W czwartek prezydent Donald Trump ogłosił, że Stany Zjednoczone wycofają się z porozumienia klimatycznego z Paryża.
Każdy, komu leży na sercu dobro środowiska, a ja należę do takich osób, nie może popierać rozwiązań, które stanowią dla Stanów Zjednoczonych karę.
Kontrowersyjna decyzja amerykańskiego prezydenta niemal natychmiast wywołała prawdziwą burzę w świecie biznesu i nowych technologii.
Elon Musk, prezes firm Tesla oraz SpaceX, poinformował, że rezygnuje z zasiadania w utworzonej kilka miesięcy temu radzie doradczej, do której zaprosił go Donald Trump.
Zmiana klimatu jest realna. Opuszczenie Paryża nie jest dobra dla Ameryki, jak i całego świata.
– napisał biznesmen na swoim profilu w serwisie Twitter.
Podobną decyzję podjął prezes Disneya Robert Iger, który podkreślił, że rezygnacja z zasiadanie w radzie doradczej Trumpa to dla niego "kwestia zasad".
Decyzję Trumpa skrytykował również m.in. prezes banku Goldman Sachs, który w tym celu zdecydował się na napisanie pierwszego tweeta w swojej karierze.

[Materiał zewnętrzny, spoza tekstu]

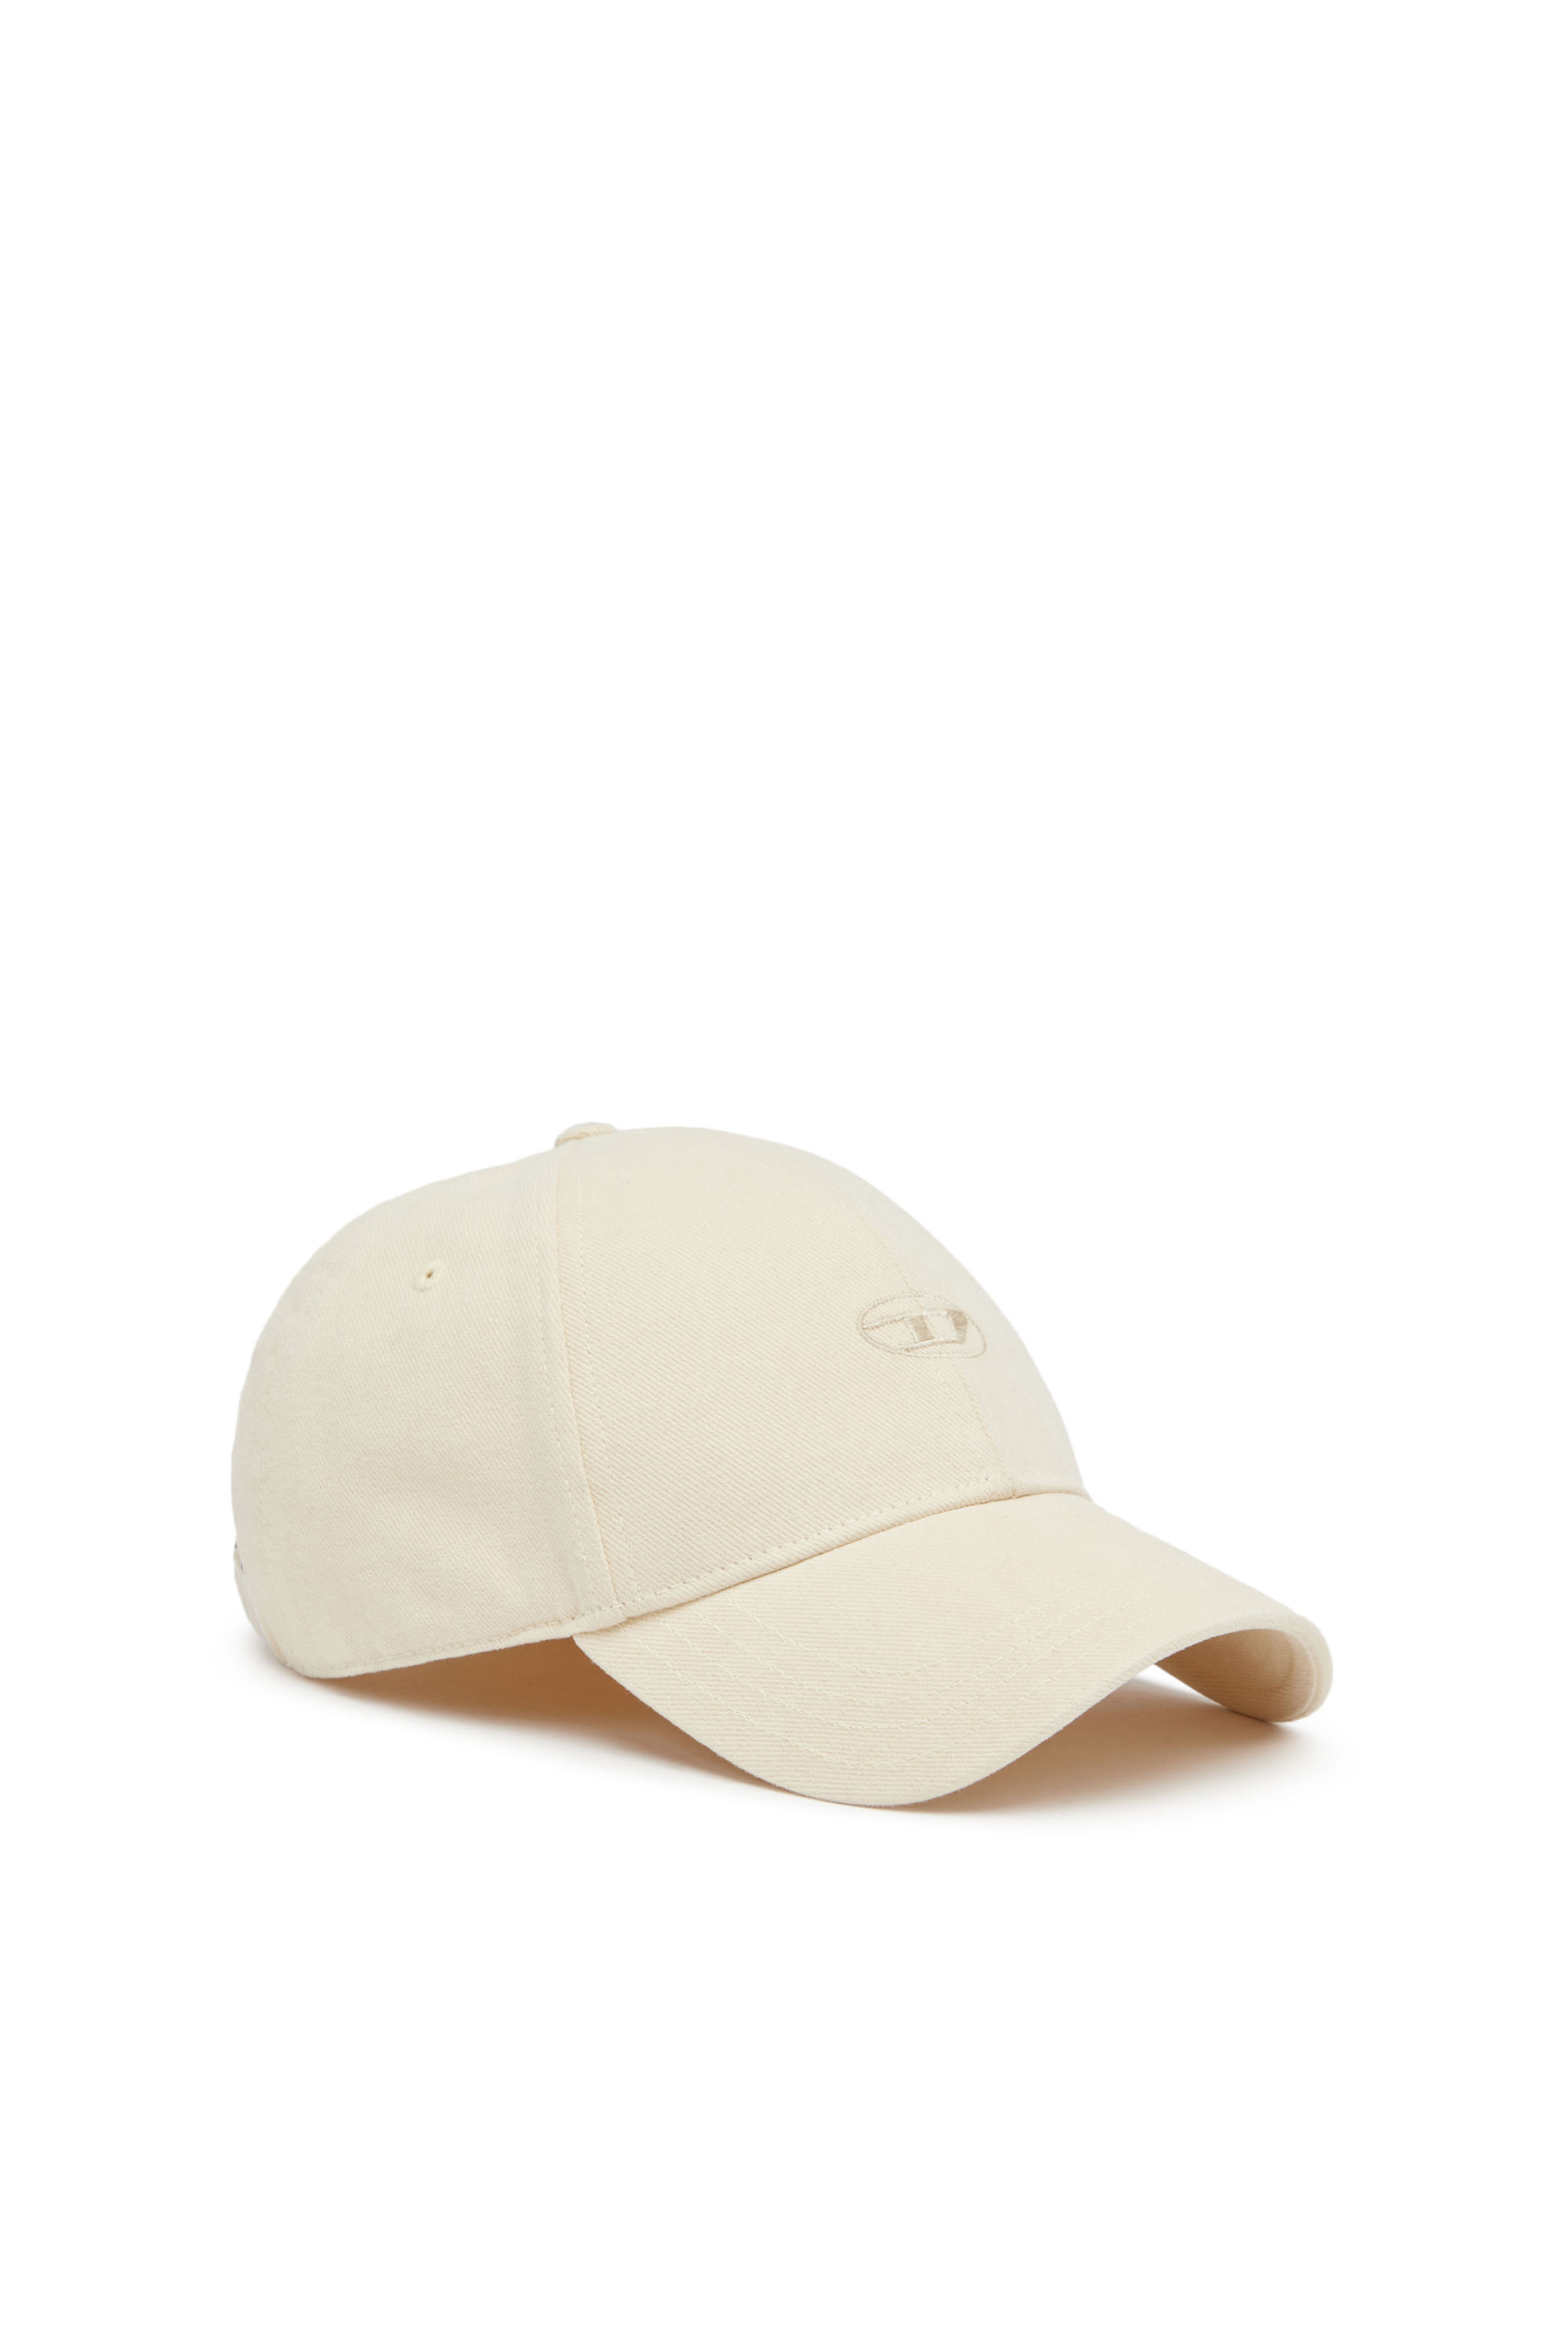 Diesel - Baseball cap in washed cotton twill - Caps - Man - White

Dzisiejsza decyzja będzie ciosem dla środowiska i dla pozycji Stanów Zjednoczonych w świecie
- napisał Lloyd Blankfein.
Podobną opinię wyraził Mark Zuckerberg, który podkreślił, że wycofanie się z umowy klimatycznej z Paryża będzie miało niekorzystny wpływ na amerykańską gospodarkę i "narazi przyszłość naszych dzieci na szwank". Twórca Facebooka zaznaczył, że tylko wspólnie globalna społeczność może zatrzymać niekorzystne zmiany klimatyczne.
Głos w sprawie zabrał także Tim Cook. "Rozmawiałem z prezydentem Trumpem we wtorek i próbowałem przekonać go do tego, żeby Stan Zjednoczone nie wycofały się z umowy. Ale to nie wystarczyło" - napisał prezes Apple w liście do swoich pracowników.
W związku z decyzją prezydenta Donalda Trumpa serwis Weather Channel, którego właścicielem jest amerykański gigant IBM, postanowił uruchomić specjalną kampanię edukacyjną, która ma uświadomić Amerykanom, jak fatalne mogą być skutki wycofania się USA z umowy klimatycznej z Paryża.
Weather Channel fot. Weather Channel
Porozumienie klimatyczne z Paryża zostało zawarte w 2015 r. przez ponad 190 państw. Celem układu jest redukcja emisji gazów cieplarnianych - pozwalająca na utrzymanie średniej temperatury na Ziemi na poziomie nie wyższym niż 2 stopnie Celsjusza ponad średnią temperaturę sprzed epoki przemysłowej.